В 1804 году – из-за неурожая на Балканах – православное крестьянство не выдержало янычарского гнета и подняло восстание против произвола. Началось все с того, что в январе 1804 года некий янычар Мехмет-ага Фошич в сопровождении отряда примерно из двухсот всадников – выехал из Белграда в карательную экспедицию. В деревне Любенино примерно в тридцати километрах от Белграда он схватил местного вождя Александра Ненадовича, обвинил в измене султану и казнил. После чего он и его люди убили еще столько то сербов и поскакали дальше, намереваясь снова убивать – однако, предупрежденные жители сел и городов бежали в лес и брались за оружие. После того, как другой янычар четвертовал популярного сербского священника Хаджи-Рувима – страна взорвалась.
В числе тех, кто спасся во время бойни, ставшей потом известной как «сеча князей» был некий Карагеоргий – бывший гайдук (разбойник) и офицер австрийских добровольческих сил (сербского Фрайкора), ранее уже участвовавший в боевых действиях, а после отставки ставший торговцем скотом. Его предупредили, он перебил посланный за ним отряд турок и скрылся в Австрии. А через короткое время он вернулся с добровольцами, большим количеством оружия и возглавил восстание. Янычары, понимая, что дело плохо – закрылись в Белграде и послали к султану гонцов просить о помощи. Султан выслал помощь, но пришедшие на помощь войска… присоединились к восставшим. Таков бы секретный приказ султана, желавшего расправиться со своевольными янычарами и желательно чужими руками.
В 1805 году янычары – дахи были изгнаны, а сам Карагеоргий был помазан митрополитом на царство. Один из вождей восставших, Петр Ичко был послан в Стамбул, где договорился о выгодных условиях мира – но Карагеоргий отказался от условий мира и предпочел продолжить борьбу за создание Сербии. Будущую Сербию он видел большой славянской страной с опорой на Россию.
Мало кто знает, что в 1805 году Карагеоргий обратился в Вену с предложением принять сербов под подданство Габсбургов. Если бы Габсбурги приняли предложение – вся мировая история пошла бы по другому пути. Но в Европе уже хозяйничал Наполеон, он уже побывал в Вене и вот-вот намеревался побывать еще – и Габсбурги решили не рисковать. Создав в итоге проблему, которая через сто десять лет погубит их империю.

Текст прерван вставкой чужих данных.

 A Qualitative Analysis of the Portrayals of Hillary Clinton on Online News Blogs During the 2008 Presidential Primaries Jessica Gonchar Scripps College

Сербское царство простояло всего шесть лет – в 1812 году Наполеон напал на Россию, Россия заключила поспешный мир с османами, и султан двинул войска против непокорной провинции. Карагеоргий со своими соратниками – бежал в Австро-Венгрию и вступил в союз с другими антиосманскими националистами, борющимися за освобождение Греции и Румынии от османского ига.
В 1813 году султан вернул себе контроль над территорией Сербии, после чего его войска приступили к массовой расправе с сербским населением. Весной 1815 года, что видимо случайно совпало с поражением Франции и вступлением русской армии в Европу – сербы начали новое восстание. Его в отсутствие Карагеоргия возглавил некто Милан Обренович, сам торговец – свиновод. Но в отличие от Кара-Георгия – Милан Обренович не отказался от соглашения с Портой. Осенью 1815 года он заключил соглашение с новым султаном Махмудом (Селим уже умер) о том, что он становится наместником Султана на Балканах и обещает посылать Порте часть собранных налогов – а Порта признает его власть. Когда в 1817 году Кара-Георгий вернулся в Сербию – он был убит людьми Обреновича, а его голову – Милан Обренович приказал положить в сосуд с медом и отправить в Стамбул.
Так началось противостояние Обреновичей и Карагеоргиевичей, определившее судьбу Сербии на сто лет вперед.
Неспокойно было в Нише, неспокойно было в Белграде, неспокойно было везде. Спокойная жизнь как то… улетучилась, незаметно для всех. Если раньше все жили и давали жить другим, то теперь все искали виноватого, крайнего. И никто не желал начинать с себя.
Ну и… плохо было после вируса. Плохо. Вроде как вируса больше не было, никто не болел, не умирал – а жизнь все никак не восстанавливалась. Бизнесы продолжали банкротиться, но главное – не открывались новые. Многие люди как будто бы руки опустили.
А в политике – кипели страсти. Сербия – парламентская республика, и сегодняшний кабинет министров работал всего семь месяцев и уже поговаривали об отставке и досрочных выборах. Все понимали, что голосование будет протестное – но народ можно будет успокоить хоть так. Труба уже прозвучала и политические коверные – готовы были к очередному параду-алле…
…
МВД Сербии – с девяносто девятого года располагалось по адресу бульвар Михаила Пупина, 2, в громадном парламентском комплексе, выстроенном еще при Тито, в бывших помещениях верхней палаты парламента, с развалом Югославии ставших бесхозными. До 1999 года они сидели на улице князя Милоша, но это здание попало под удар авиации НАТО, и не было восстановлено. Здание парламентского комплекса было шикарным, но эти огромные кабинеты, коридоры и интерьеры, долженствующие напоминать о дружбе народов – теперь навевали только тоску. Это было место поражения, исторического поражения югославской идеи. И соседство с парламентом было не из лучших. МВД должно было быть вне политики… да как то не получалось вне политики быть.
Никак не получалось.
Министром внутренних дел Сербии – вот уже три года был Иво Попович. Он был компромиссной кандидатурой, но каким-то образом – уцелел уже при трех премьерах. Он был в молодости полицейским, потом ушел в бизнес, потом вернулся в политику – и вошел в это новое здание уже как политический назначенец. Но в отличие от многих политических назначенцев, ремеслом он в определенной степени владел, а равно владел и навыками выживания в волчьей стае.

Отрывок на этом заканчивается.